- Description: Outstanding contributions to public outreach in mathematics
- Sponsored by: Infosys
- Location: International (awarded at ICM)
- Presented by: International Mathematical Union (IMU)
- Rewards: ₹1,000,000 (approx. $12,000) and a citation
- Status: Active
- Website: www.mathunion.org/imu-awards/leelavati-prize

= Leelavati Award =

International mathematics award

The Leelavati Award is an award for outstanding contribution to public outreach in mathematics. It is named after the 12th-century mathematical treatise "Lilavati" devoted to arithmetic, algebra, and the decimal system written by the Indian mathematician Bhāskara II, also known as Bhaskara Achārya. In the book the author posed, in verse form, a series of problems in (elementary) arithmetic to one Leelavati (perhaps his daughter) and followed them up with hints to solutions. This work appears to have been the main source of learning arithmetic and algebra in medieval India.
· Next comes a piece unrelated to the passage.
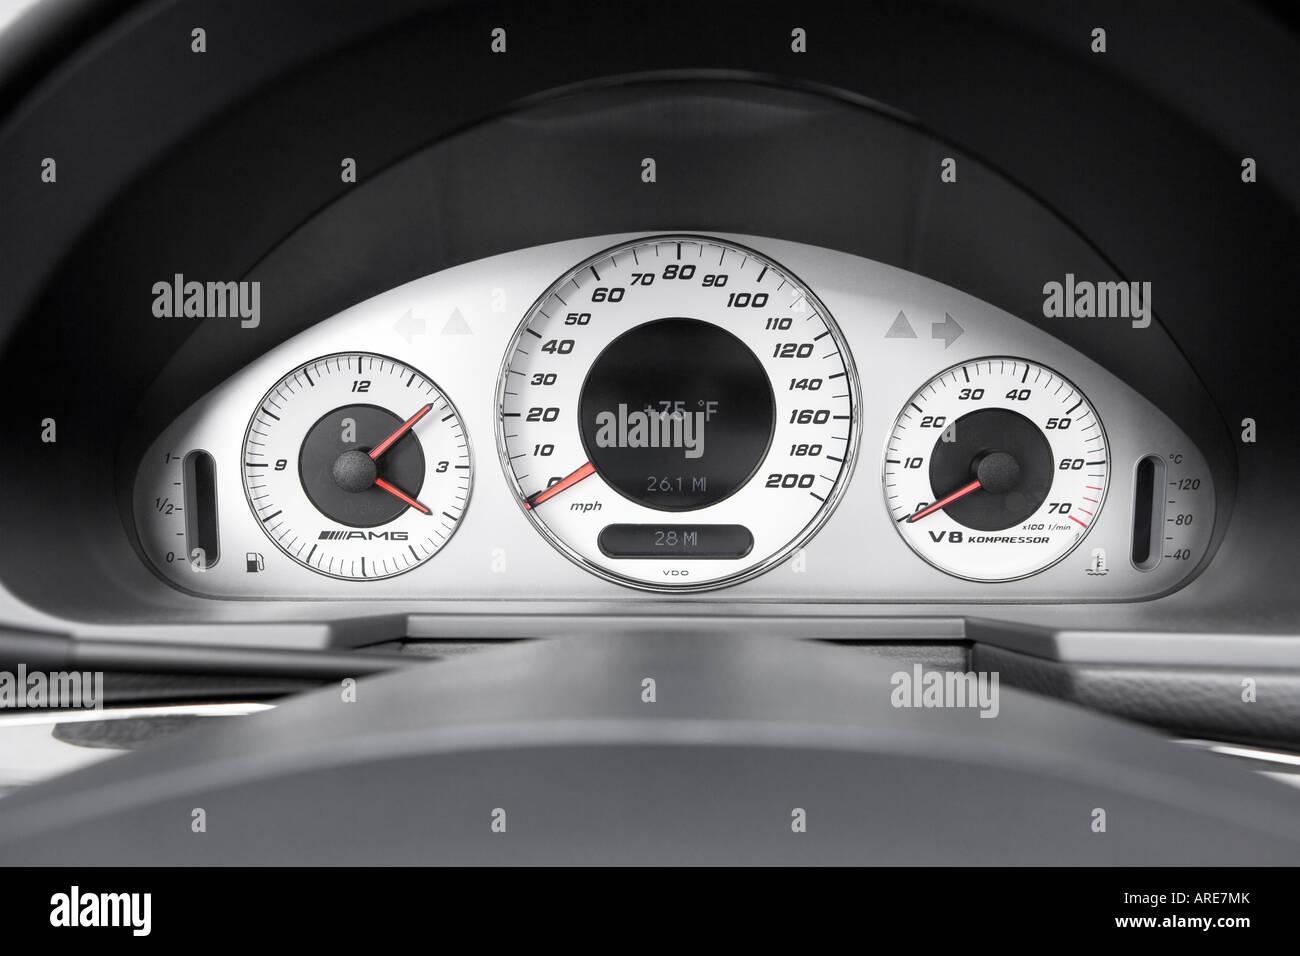 2005 Mercedes Benz E55 AMG Em Preto   Velocímetro/tacômetro

The work was also translated into Persian and was influential in West Asia.

==History==

The Leelavati Prize was handed out for the first time at the closing ceremony of the International Congress of Mathematicians (ICM) 2010 in Hyderabad, India. Established by the Executive Organising Committee (EOC) of the ICM with the endorsement of the IMU Executive Committee (EC), the Leelavati Prize was initiated as a one-time international award for outstanding public outreach work for mathematics. The award was so well received at the conference and in the mathematical press that the IMU decided to turn the prize into a recurring four-yearly award and the award ceremony a regular feature of every ICM closing ceremony.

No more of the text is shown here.